China’s rice imports sets new record
Rice imports by China are expected to set a new record in 2015, surpassing 2014 levels by 200,000 metric tons and marking the fourth consecutive year of record imports. Rice imports surged in 2012 to more than 7 times the average of the previous 5 years, and continued to grow each year thereafter. China remains the world’s largest rice producer and consumer, and has been largely self-sufficient in rice for more than 30 years and, until recently, was typically a net rice exporter. In 2012, China surpassed Nigeria to become the world’s largest rice importer. Vietnam and Burma are the largest suppliers of rice to China, along with Pakistan and Thailand. The United States is currently unable to ship rice to China due to ongoing disagreements over phytosanitary issues. China’s record imports are not due to a short crop or tight supplies, but are the result of much lower prices for imported rice than for domestic rice, and continued growth in use partly due to an increasing population. As the world’s largest rice consumer, even small dietary shifts can have a large effect on the supplies needed to meet consumer demand and China is increasingly turning to the world market to feed its appetite not only for staple commodities such as rice but also fruits, vegetables, meat and other consumer-oriented products.
India’s imports of oilseeds on the rise
Production incentives for Indian oilseeds are being eroded by declining prices for imported vegetable oils, down to a 6-year low. Indian rapeseed area fell 7 percent in 2014/15 to 6.6 million hectares. Peanut production is down 4.6 million hectares (15 percent) from 2013/14, continuing a shift by Indian farmers to competing crops such as cotton. Similarly, sunflower seed area is down 13 percent in 2014/15. Cottonseed production is estimated to be nearly flat in 2014/15 and soybean production increased about 10 percent, reflecting an improved yield. Total oilseed production will be down about a half million metric tons from the previous year and 1.2 million metric tons from 2012/13. To make up for lower domestic production, India’s imports of vegetable oil are forecast to be up more than 10 percent in 2014/15, the fourth consecutive year of growth. This trend has turned India into the world’s top importing country for vegetable oil, and a major factor in determining global prices.
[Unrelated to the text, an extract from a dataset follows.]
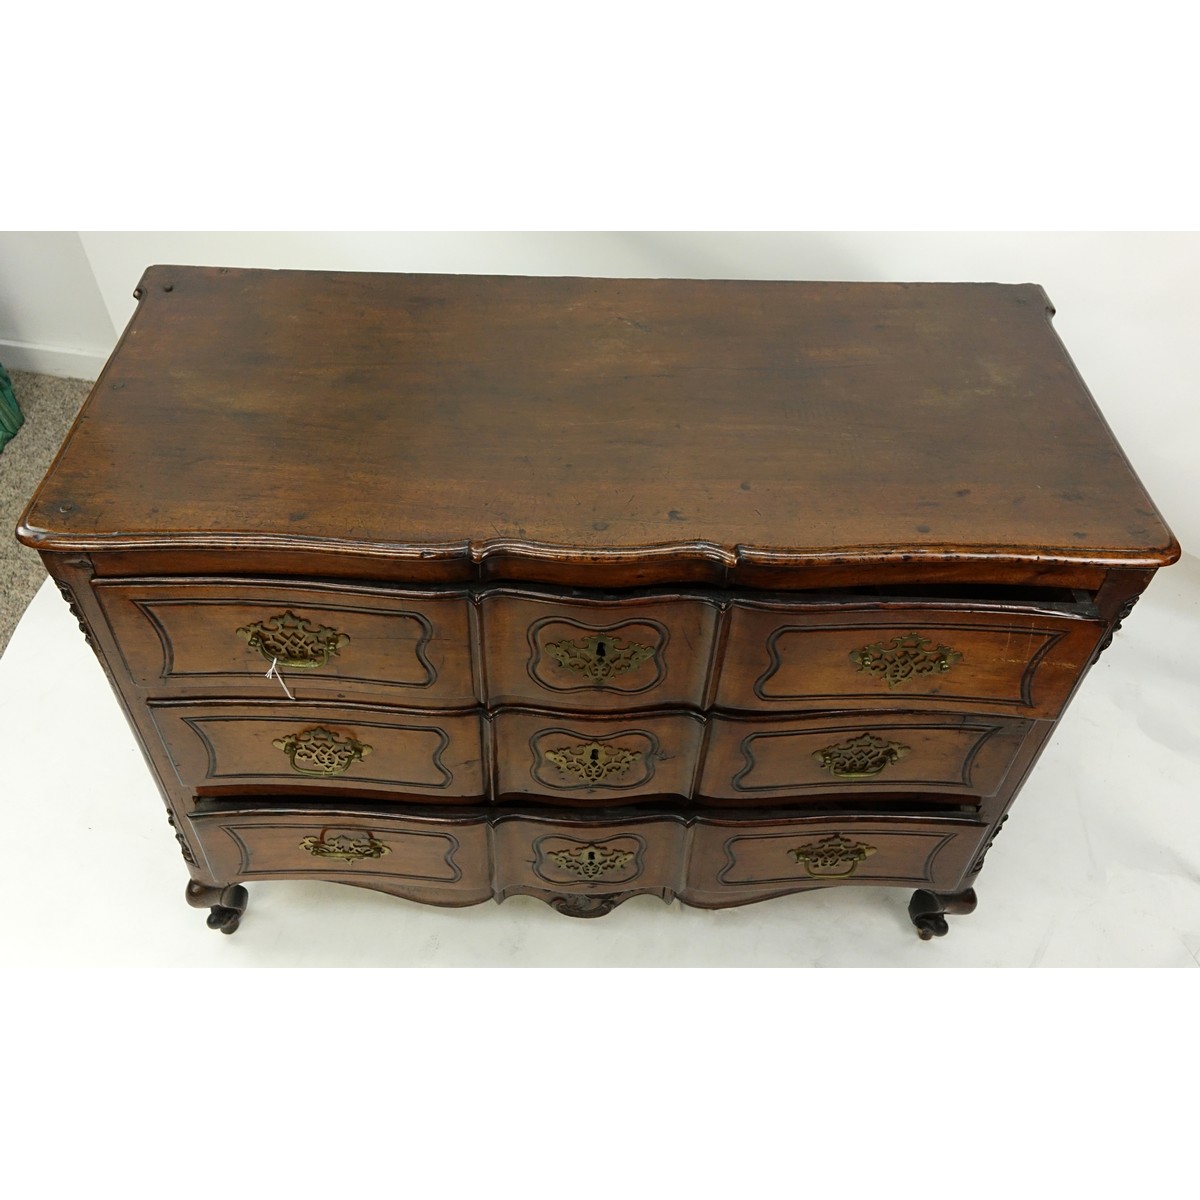 19th Century French Carved Walnut Commode/Chest of Drawers with Bronze Pulls. Three large fitted drawers and stands on front cabriole and rear bracket legs.

U.S. disposable income spending on decline for food at home
Between 1960 and 2007, the share of disposable personal income spent on total food by Americans fell from 17.5 to 9.6 percent, as the share of income spent on food at home fell. The share of income spent on food purchased in grocery stores and other retailers declined from 14.1 percent in 1960 to 5.5 percent in 2007. At the same time, the percent of income spent on food purchased at restaurants, fast-food places and other away-from-home eating places increased from 3.4 to 4.1 percent. The share of income spent on total food began to flatten in 2000, as inflation-adjusted incomes for many Americans have stagnated or fallen over the last decade or so. In addition, between 2006 and 2013, food-price inflation has been greater than overall inflation, making food more costly. In 2013, Americans spent 5.6 percent of their disposable personal incomes on food at home and 4.3 percent on food away from home. This chart appears in the ERS data product.
U.S. agricultural trade a surplus with China
In recent years, growth in United States-China agricultural trade has accelerated. During calendar years 2012-13, U.S. exports of agricultural products to China averaged $25.9 billion per year - a tenfold increase from the late 1990s. Sales to China doubled during 2004-08 and doubled again during 2008-12, while the share of U.S. agricultural exports going to China rose from about 3 percent during the 1990s to 18 percent during 2012-13. China became the largest overseas market for U.S. farm products in 2010. U.S. imports of agricultural products from China rose at a slower pace, reaching $4.4 billion in 2013 - agriculture is one of the few sectors where the United States has a trade surplus with China. During 2012-13, the United States accounted for over 24 percent of China’s agricultural imports by value and was its leading supplier of oilseeds, cotton, meat, cereal grains, cattle hides, distillers’ dried grains (mainly used for animal feed) and hay. Soybeans account for more than half of the total value of U.S. agricultural exports to China, averaging $14.1 billion during the 2012-13 calendar years, and are also the largest U.S. export of any type to China, accounting for about 11 percent of the value of total U.S. exports to China.